Was müsste also passieren, damit die Ansprache und die Mitnahme der Menschen besser gelingen? Auf jeden Fall: das Infomobil weiter durch Deutschland schicken. Noch präsenter sein. Noch mehr Aufmerksamkeit erringen. Noch mehr Neugierde wecken. Vielleicht muss künftig ein solches Mobil nicht nur auf dem Rathausplatz Halt machen, sondern auch an den Werktoren oder Werkstätten. Anklingeln. Nicht nur Führungspersönlichkeiten ansprechen, sondern ganze Belegschaften.

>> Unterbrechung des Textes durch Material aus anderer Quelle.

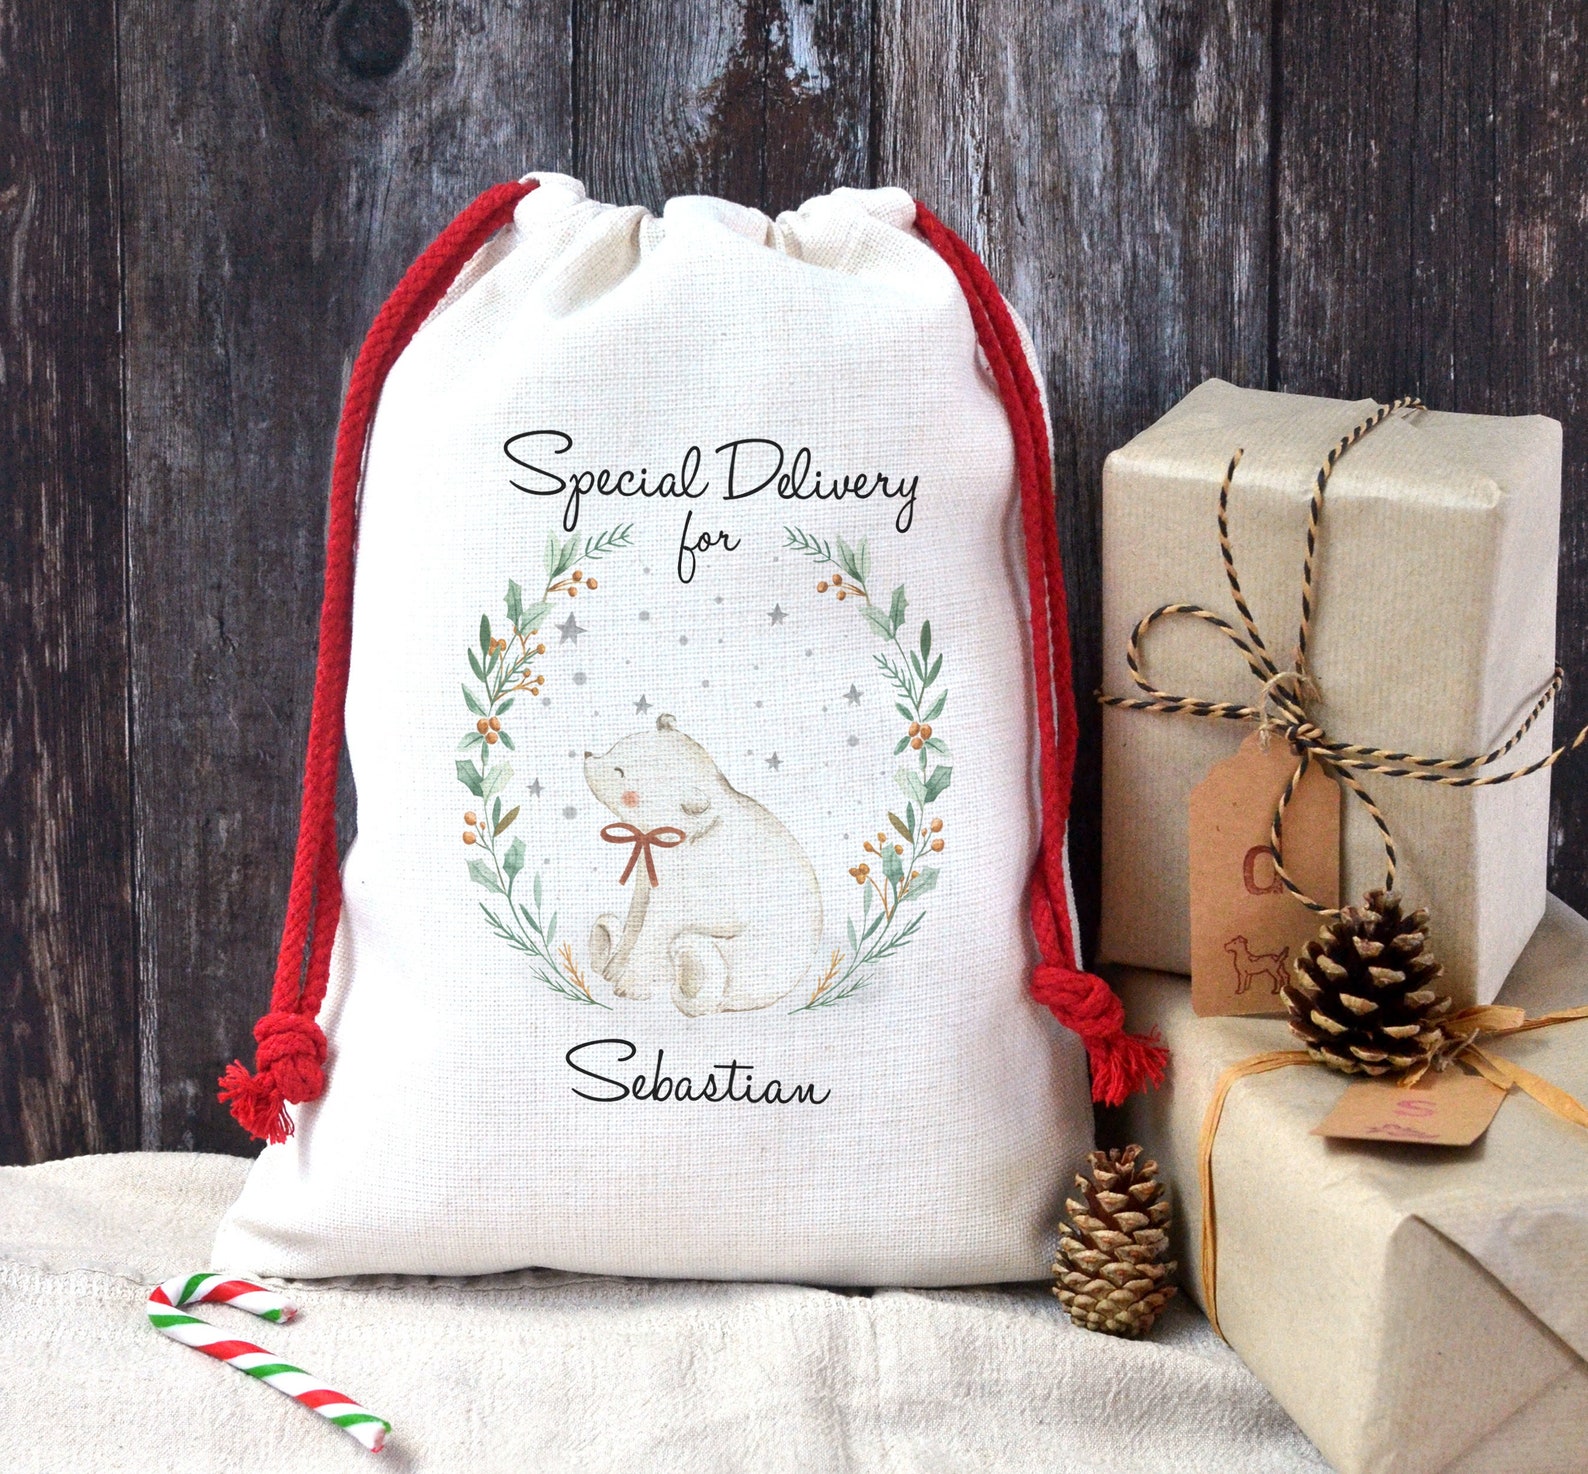 creative way to wrap child present at Christmas personalized Santa sack

Hier finden sich IMMER Changer oder solche, die Lust haben, diese Herausforderung anzunehmen. Oder eben ganz wichtig auch: Termine vor Ort wahrnehmen, wenn sie denn so offensichtlich angeboten werden. Es ist auch eine Pflicht der Multiplikatoren, ihrer großen Verantwortung gerecht zu werden und Chancen zu erkennen. Und dafür ist es mir ganz recht, das Haar in der Suppe zu finden.

So aber fährt das Zukunftsmobil nun ganz einfach in den nächsten Ort. So viele Gelegenheiten zum Aufspringen kommen nicht mehr.